The federal process can be expedited in these circumstances because qualified counsel have already litigated the major claims in state court.  Between the procedural default rule and the deference standard, if those rules are correctly applied, there should be little for the federal court to decide in most cases.

In the face of judicial hostility wrongly rejecting states' claims to qualify, Congress in 2006 amended the law to vest the initial qualification decision in the U.S. Department of Justice.  AP reports that the application of Texas to be certified is finally moving forward.

The usual suspects are, of course, raising the objection that the present extreme delays are needed to prevent the execution of innocent people.  Most capital cases, however, involve no doubt at all about the identity of the perpetrator.  For those cases where there is such doubt, federal law makes an exception to the successive petition rule for cases of actual innocence.  There are also state exceptions to their successive petition rules, see, e.g., Cal. Penal Code ยง 1509(d), and executive clemency.

3 Comments

The DC Circuit is not universally populated by persons of sense. We will see how things turn out.

The larger question--what is to be done about the judicial intransigence? Statutes say what they say, and when courts blow off the law, why do they have to be followed? To hold that they are to be followed is to say that the law is subservient to a court judgment.
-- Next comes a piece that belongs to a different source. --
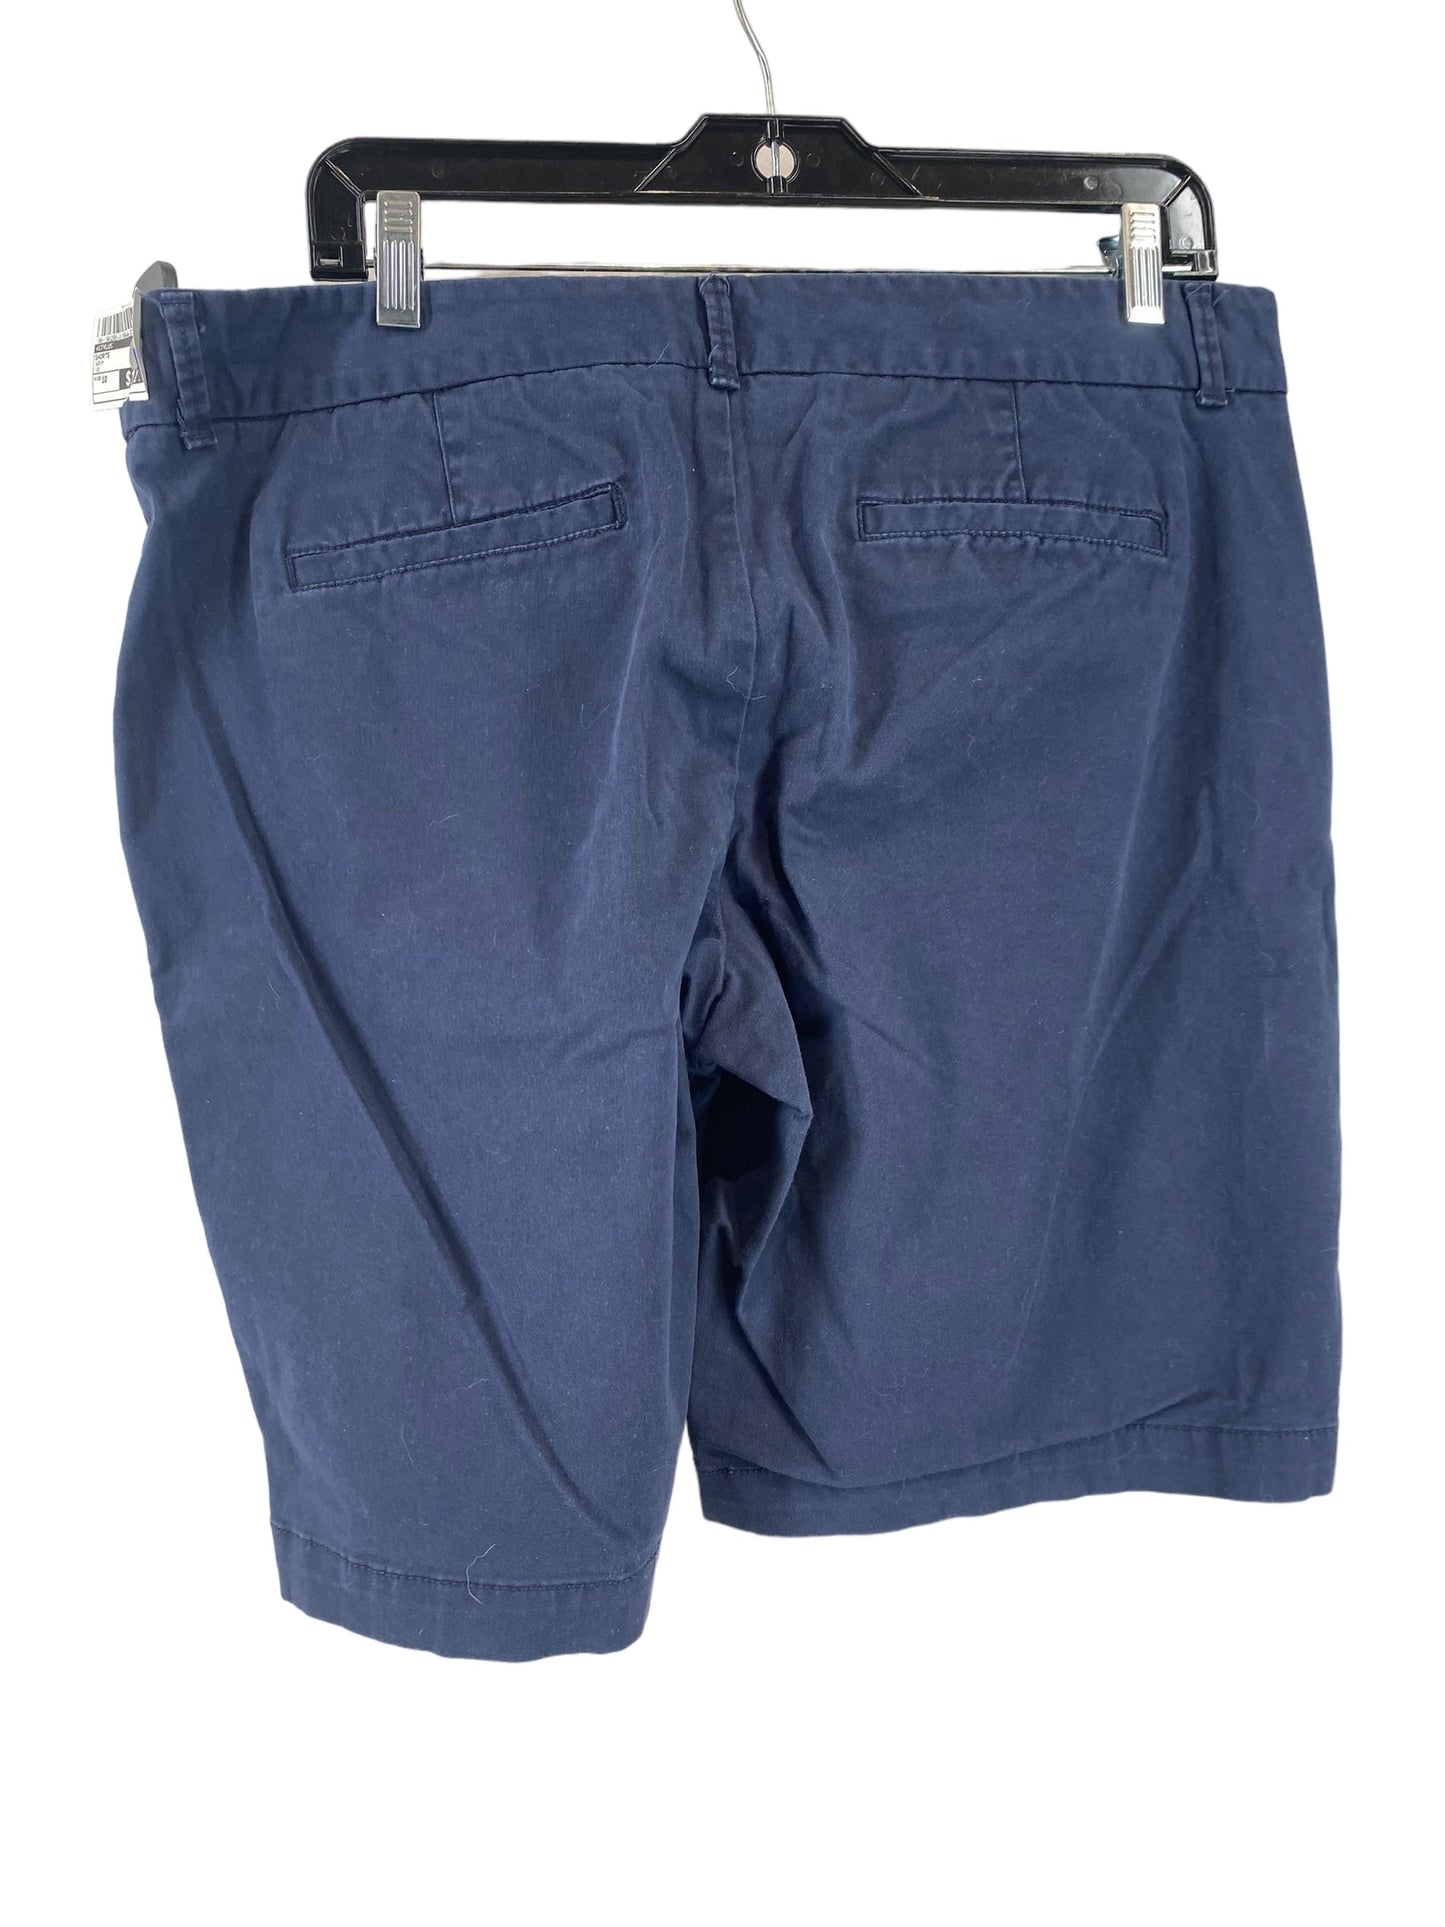 Navy Shorts Stylus, Size 10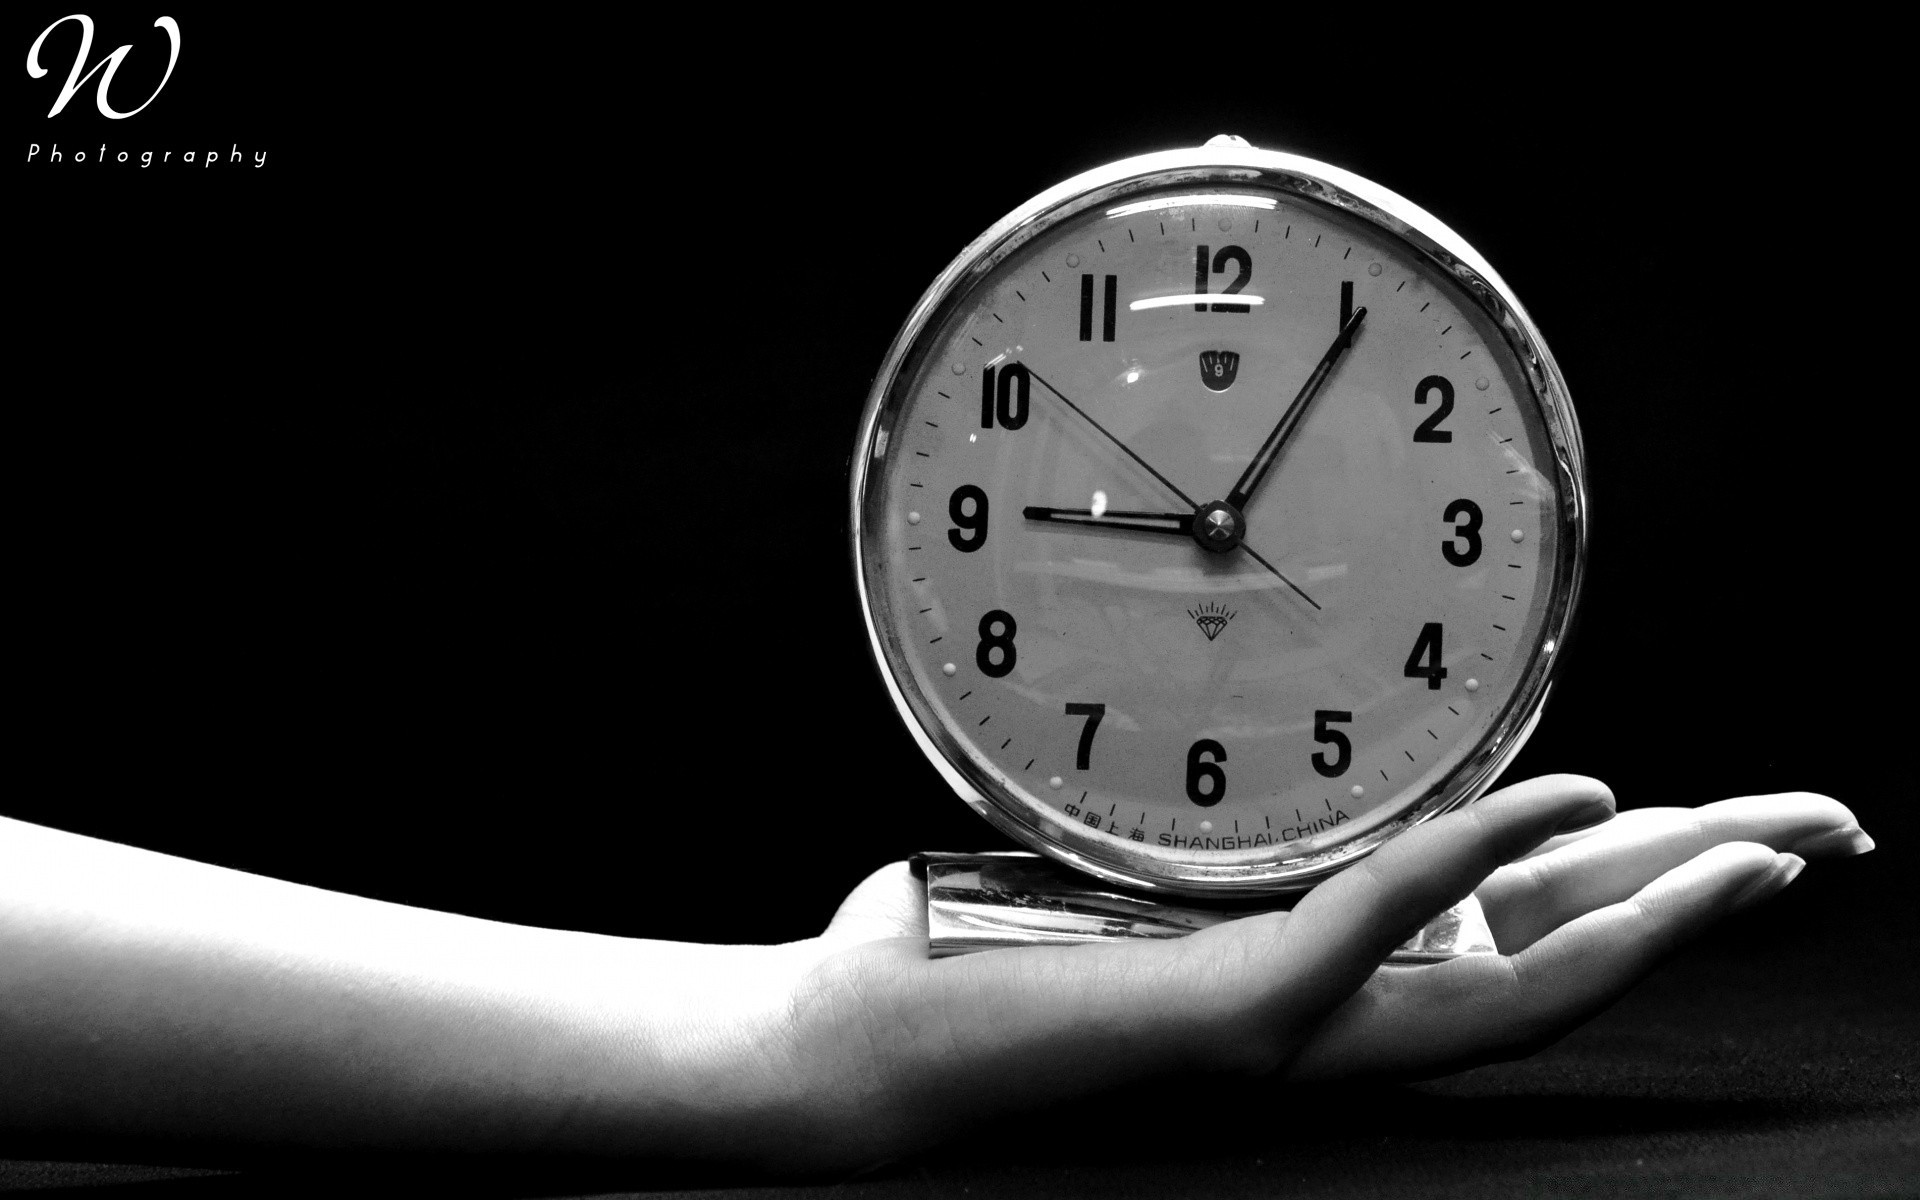 черно-белое время часы срок смотреть будильник минуту поздно точность таймер обратный отсчет давление актуальность классический

That obviously has to be true, but the quid pro quo is that courts cannot abuse that power to enshrine lawlessness in such orders.

Courts in America today seem to think that they are entitled to respect merely due to the fact that judges wear robes and have coercive power. Those days should come to an end.

By federal law, do you mean McQuiggen v. Perkins or is there a statutory provision?

"Courts in America today seem to think that they are entitled to respect
merely due to the fact that judges wear robes ..."

Exactly.
Consider the DWI convicted, probation violating, still-employed, disrespectful
"judge" of nearby Rochester, NY (Astacio) for supporting evidence.